I have never been to New York (anyone going to offer me a reading tour?) so I was fascinated by the article about the Queens district on the front page — QUEENS: A WRITER'S RETREAT. Somehow the description of this ethnically diverse district where a writer

talking about his latest achievement in arty tones and effete delivery would earn a long hard look, and maybe even a kick in the balls
made me think of Tower Hamlets in London, where I did work for several years. Are all cities developing parallel cultures that have more in common with other cities than the countries in which they are located?

The rest of this publication — 5 sheets of A4 stapled together — is closely packed with reviews and poems assembled by the old (literal) cut and paste method. You can see the joins and different typefaces, which gives the impression of an amateurish urgency and enthusiasm you might expect from a college fanzine, except that most of those are now produced as ezines or weblogs.

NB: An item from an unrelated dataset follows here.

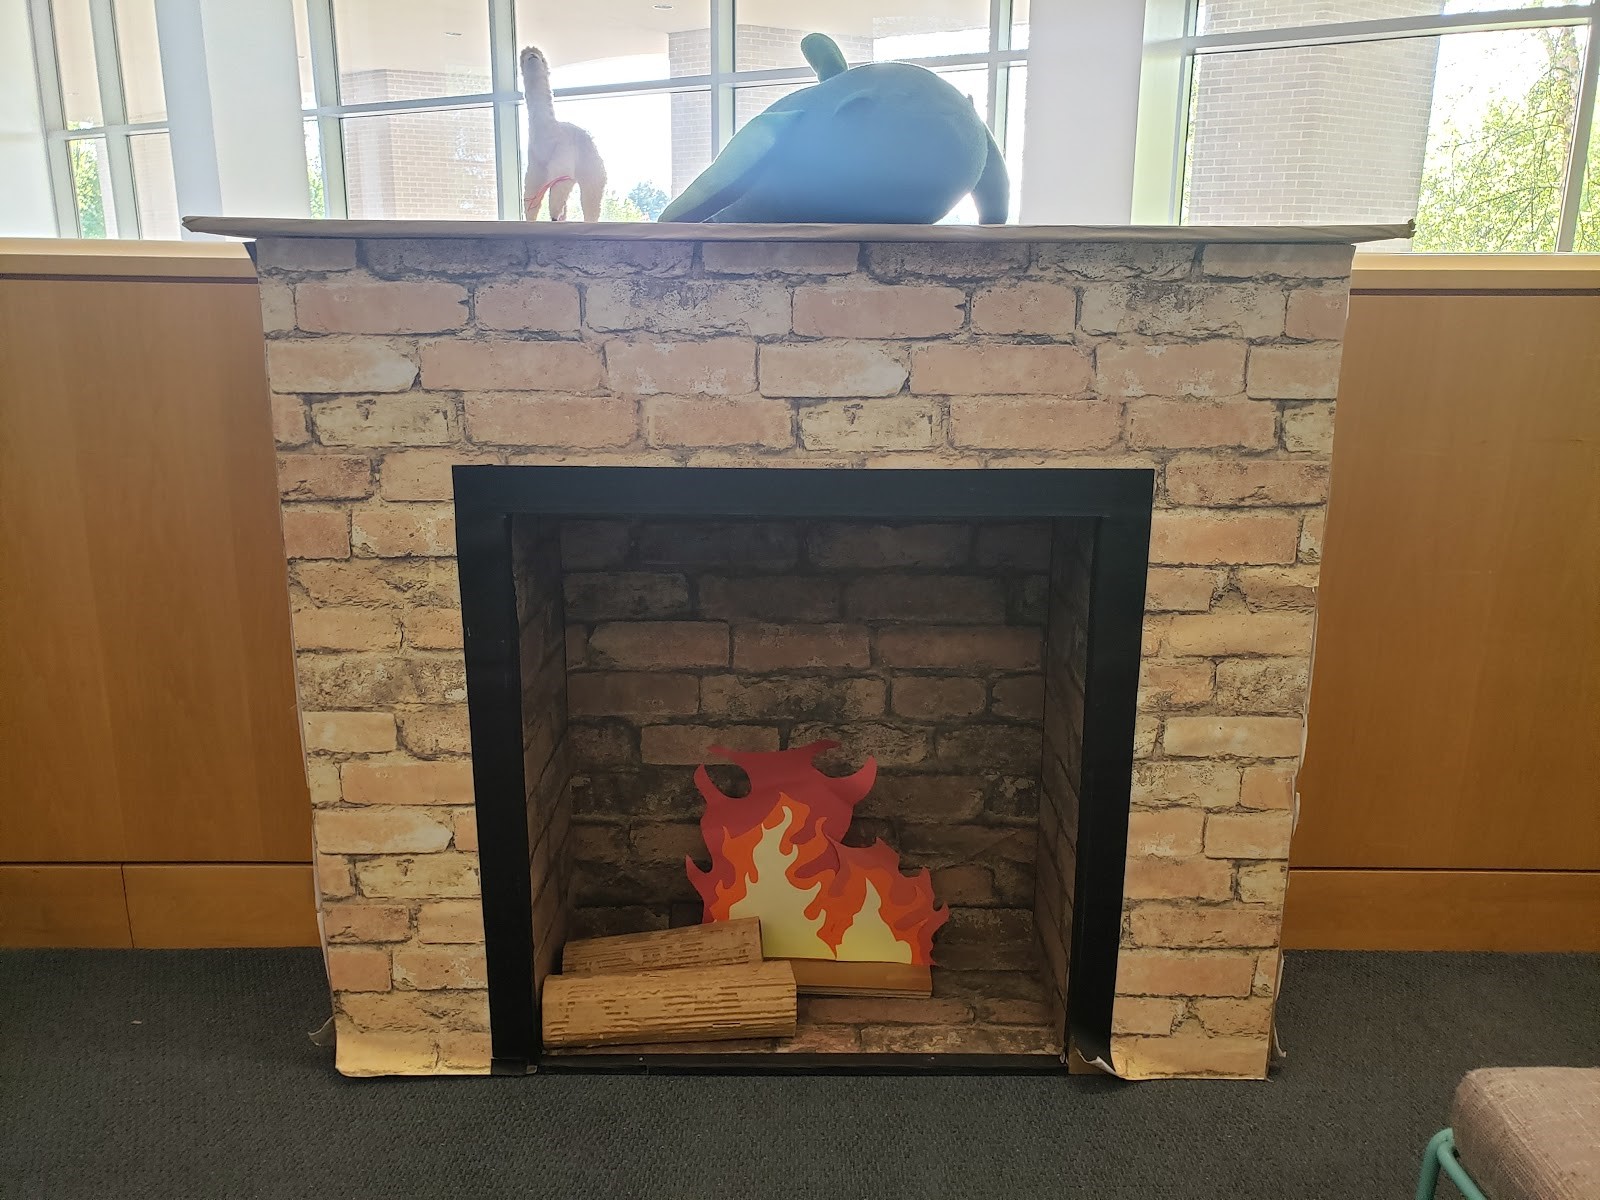 A fake fireplace prop.

The poetry is mixed. Andy di Michele suffers from linguistic experiments that are sometimes incomprehensible as in LUCIFUGUE TREMENS:

	this is anomaly misnomerism in the
	prehistoric villages between vertebrae
	this is the other chaos chaos
	which petrifies sullen disorder its
	predictable indeterminancies
John Grey's work is more accessible with his evocation of loss and reminiscence at the end of a relationship, particularly the ordinariness of DOG DAYS
	Betrayed by the dog
	who leapt into your arms
In REPUBLIC STREET, Luis Cuauhtemoc Berriozabal provides a movingly repugnant portrait of the transient who
	Spits, urinates and
	Defecates in L.A.
a picture and impression of the urban landscpe which is so much the territory of ZYX.

reviewer: Adrian Green.
ZYX #31

There are many curious things about this small literary journal. This issue consists of nine densely-printed A4 sides, stapled in the upper left-hand corner, rather like a crowded office memo. But within this space, there is a considerable variety of interesting material, some of which is bold and innovative. The opening page is given over wholly to an intelligent, balanced and frequently amusing editorial about the writer's vocation, entitled PROFESSIONAL DEFORMATIONS:

The occupation of a individual twists his view of life, alters his behavior patterns, narrows his focus, skews his reactions. Your job is a major part of your day. Merely doing it requires mind alteration with all its attendant oddities. Writers are no different. Their concerns, obsessions and occupational aberrations reveal themselves as surely as those of carpet retailers, psychologists, dentists and schoolmarms.
Often witty, this brief rant makes a good prologue to what follows. Exactly what it is that follows, or what is meant to give it coherence, remains an open question, but much of it is enjoyable. I liked Randall Brock's review of EMPIRE SWEETS, by Stanley Byrne, in spite of its exclusivity and somewhat slangy style; but his poem on the same page is virtually incomprehensible.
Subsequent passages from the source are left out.